第6話 賀茂の娘
晴明が梨花を助けてから数ヶ月経ったが、彼女が何か思い出す様子はみられない。家人の中には、彼女を物の怪あるいは怨霊ではないかと噂する者もいた。梨花は居心地の悪さを感じ、申し訳なく思っていた。
ある日、晴明と保憲が帰宅すると、机の上に一通の手紙が置かれていた。手紙は梨花が書いたもので、彼女は皆に迷惑をかけたくないからと家を去る決意をしたのだった。晴明は、幼い頃に母が手紙を残して行方知れずになったことを思い出して、胸騒ぎがした。夜が更けようとしていたにも関わらず、晴明は梨花を探しに出かける。

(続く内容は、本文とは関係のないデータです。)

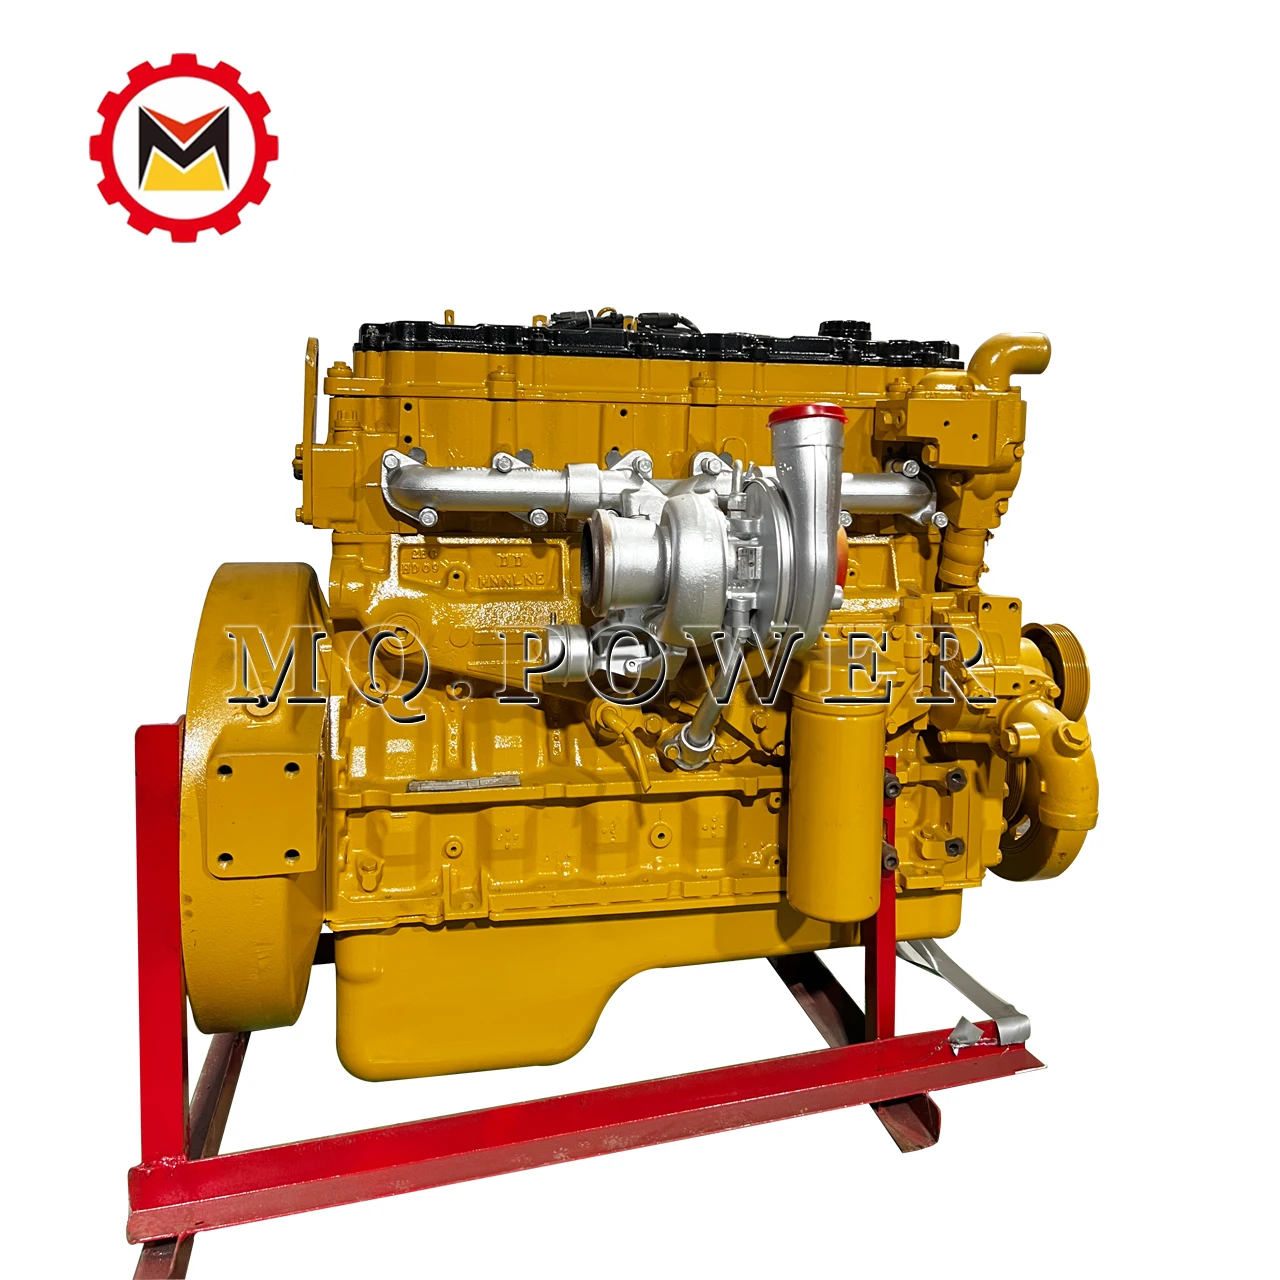 C7 Diesel Engines High-Performance Remanufactured Diesel Engine High Power

この頃は群盗が横行していた。梨花が京中を彷徨っていると、盗賊の集団に遭遇した。襲われそうになったところ、警固にあたっていた武官の男が盗賊を射殺した。ちょうどそこへ晴明と保憲が駆けつけて、何とか梨花を連れ戻した。晴明は梨花に、一人で抱え込まないよう伝えた。彼女もまた、勝手に家を出ていかないと約束した。
七夕の日、晴明は梨花から何を願うのか聞かれる。彼は白雪と出逢ってから今まで、再び彼女に逢いたいと願っていた。梨花は晴明にとって白雪はとても大事な人なのだと感じた。彼女も心の中で、晴明と白雪が再会することを願った。